Q: How do I apply the chain rule to find the derivative of f(x)f(x)?

A: To apply the chain rule, we need to identify the inner function h(x)h(x) and the outer function g(x)g(x) in the given function f(x)=tanx4secxf(x)=\frac{\tan x-4}{\sec x}. In this case, we have h(x)=secxh(x)=\sec x and g(x)=tanx4secxg(x)=\frac{\tan x-4}{\sec x}. We then need to find the derivatives of h(x)h(x) and g(x)g(x), which are h(x)=secxtanxh^{\prime}(x)=\sec x \tan x and g(x)=sec2xtan2xsecx+4secxtanx(secx)2g^{\prime}(x)=\frac{\sec^{2}x-\tan^{2}x \sec x+4 \sec x \tan x}{(\sec x)^{2}}. Finally, we can use the chain rule to find the derivative of f(x)f(x).

Q: What is the value of f(3)f^{\prime}(3)?

A: To find the value of f(3)f^{\prime}(3), we need to substitute x=3x=3 into the expression for f(x)f^{\prime}(x). We get:

f(3)=sec3(3)tan2(3)sec(3)+4sec(3)tan(3)(sec(3))2f^{\prime}(3)=\frac{\sec^{3}(3)-\tan^{2}(3) \sec(3)+4 \sec(3) \tan(3)}{(\sec(3))^{2}}

Using a calculator to evaluate the expression, we get:

f(3)=2.18541.73212.1854+42.18540.7265(2.1854)2f^{\prime}(3)=\frac{2.1854-1.7321 \cdot 2.1854+4 \cdot 2.1854 \cdot 0.7265}{(2.1854)^{2}}

Simplifying the expression, we get:

f(3)=2.18543.7943+6.31334.7559f^{\prime}(3)=\frac{2.1854-3.7943+6.3133}{4.7559}

f(3)=4.70444.7559f^{\prime}(3)=\frac{4.7044}{4.7559}

f(3)=0.9873f^{\prime}(3)=0.9873

In this article, we answered some common questions related to the derivative of the function f(x)=tanx4secxf(x)=\frac{\tan x-4}{\sec x}. We used the quotient rule and the chain rule to find the derivative of f(x)f(x) and then evaluated the derivative at x=3x=3. The result shows that the derivative of f(x)f(x) at x=3x=3 is approximately 0.98730.9873.

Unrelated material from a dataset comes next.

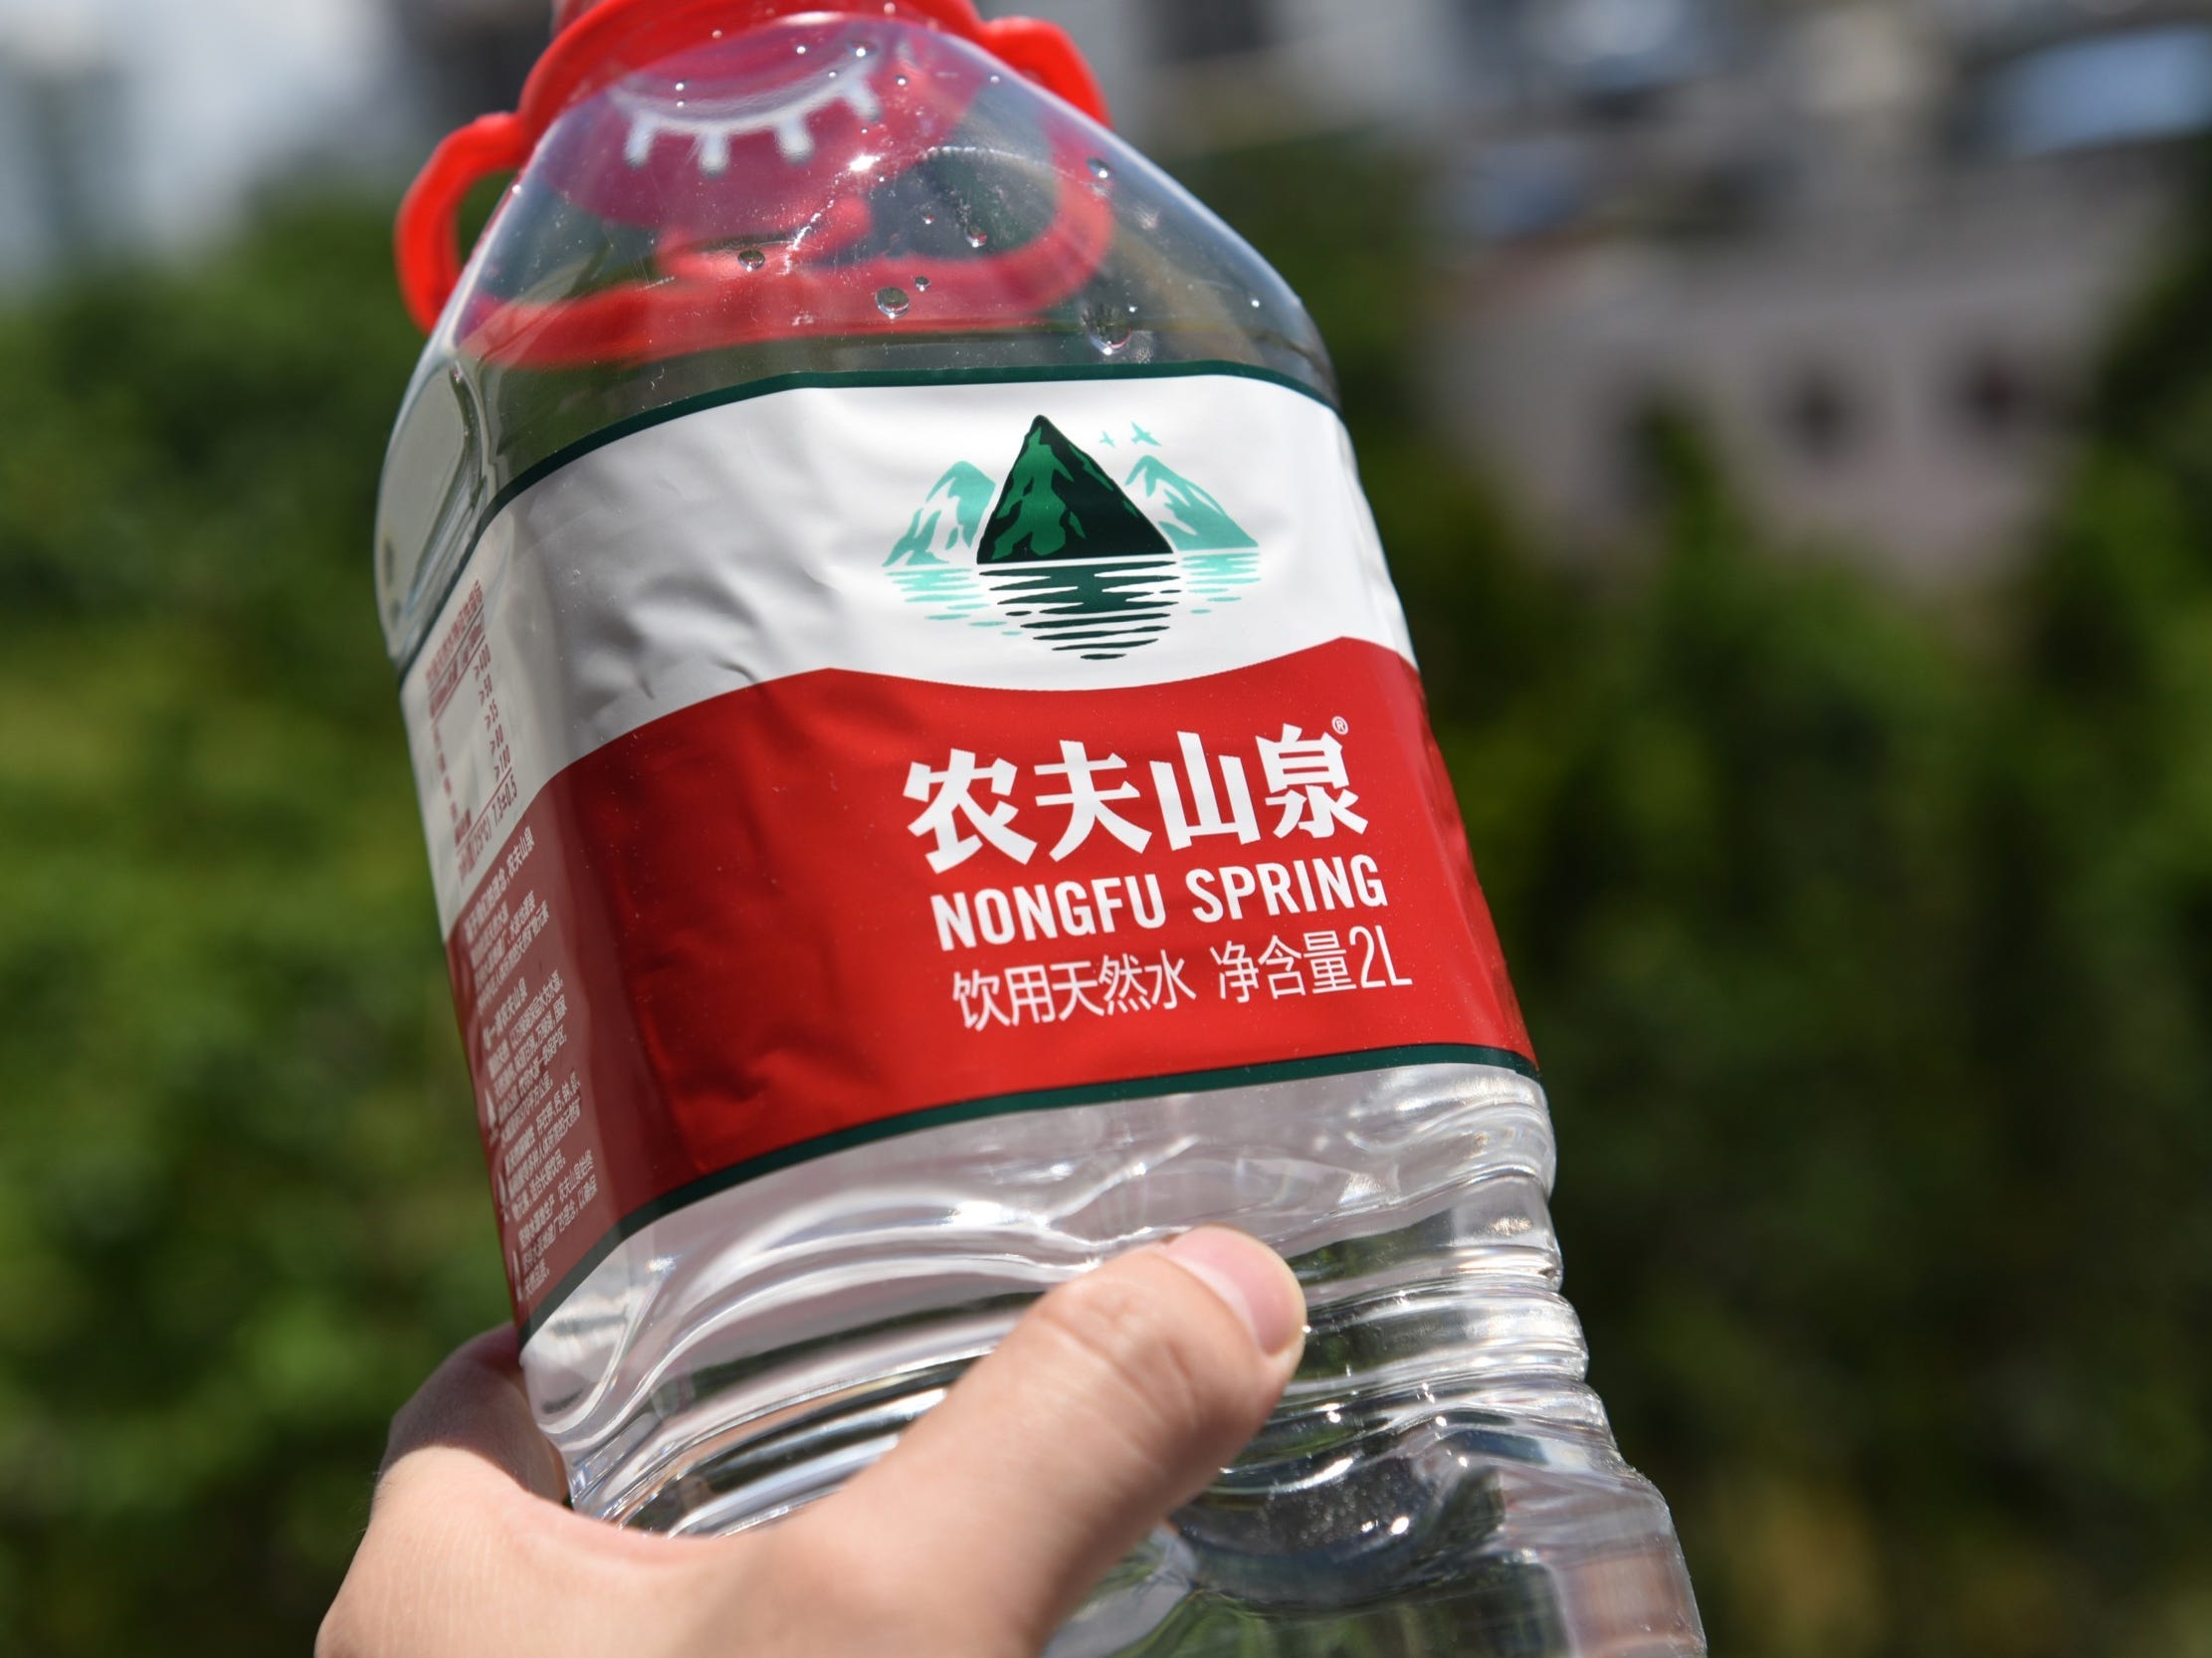 zhong shansan nongfu spring water bottle

  • [1] Stewart, J. (2016). Calculus: Early Transcendentals. Cengage Learning.
  • [2] Anton, H. (2017). Calculus: Single Variable. John Wiley & Sons.

The value of f(3)f^{\prime}(3) is an approximation, as the expression for f(x)f^{\prime}(x) involves trigonometric functions that are evaluated at x=3x=3. The actual value of f(3)f^{\prime}(3) may be different depending on the specific values of the trigonometric functions at x=3x=3.